▶ **MATERIAL PROVIDED**
-- Opening Marker --
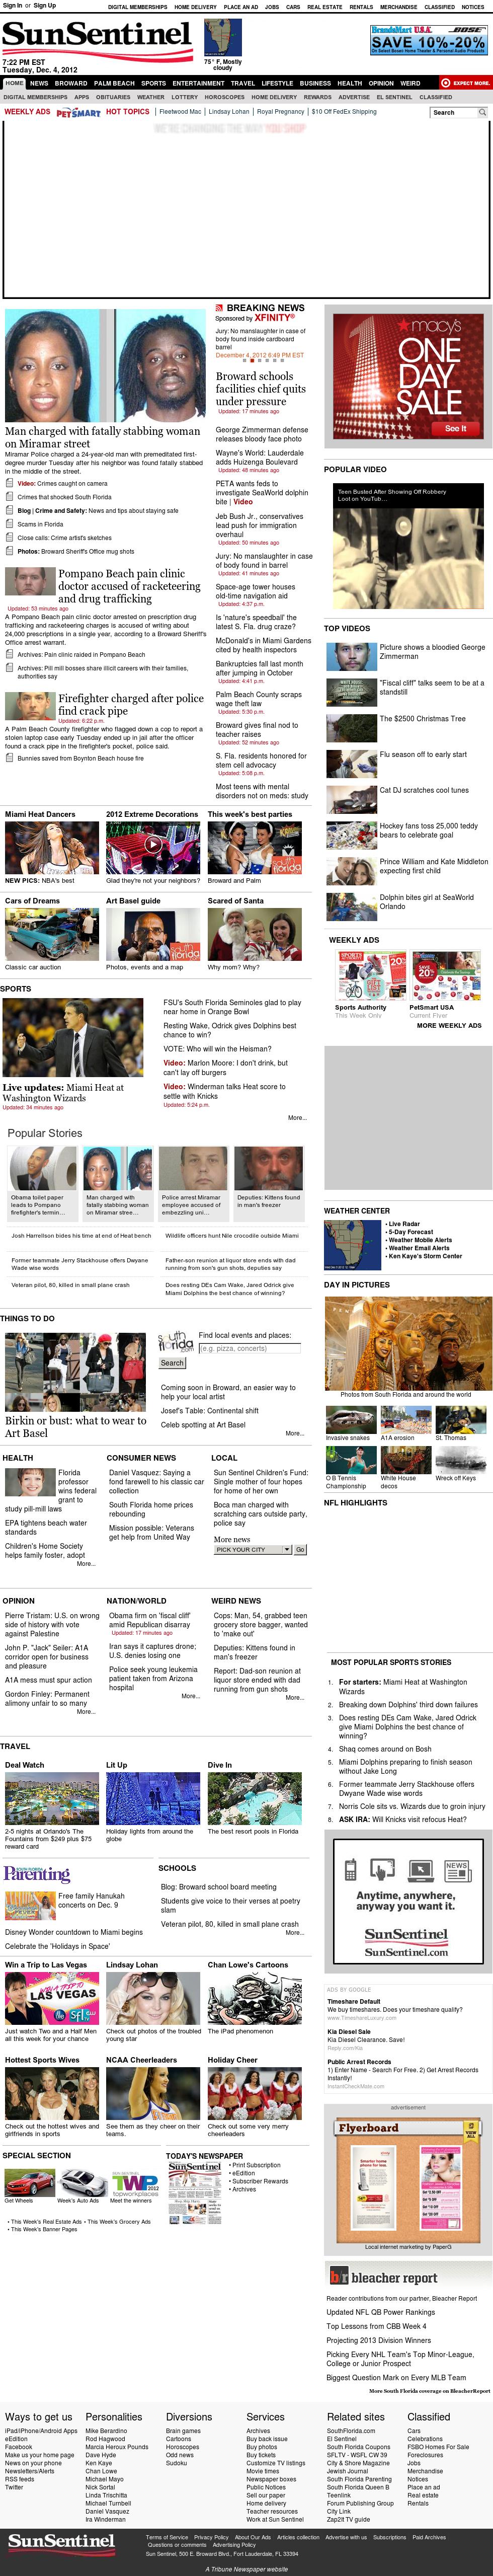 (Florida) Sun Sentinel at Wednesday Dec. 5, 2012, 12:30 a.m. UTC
-- Closing Marker --
-- Opening Marker --
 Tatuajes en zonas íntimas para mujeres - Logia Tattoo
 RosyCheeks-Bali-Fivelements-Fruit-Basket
-- Closing Marker --
From the records above, give again exactly the lines running from the line with "Tatuajes en zonas" to the line with "RosyCheeks-Bali-Fivelements-Fruit-Basket", inclusive.

 Tatuajes en zonas íntimas para mujeres - Logia Tattoo
 RosyCheeks-Bali-Fivelements-Fruit-Basket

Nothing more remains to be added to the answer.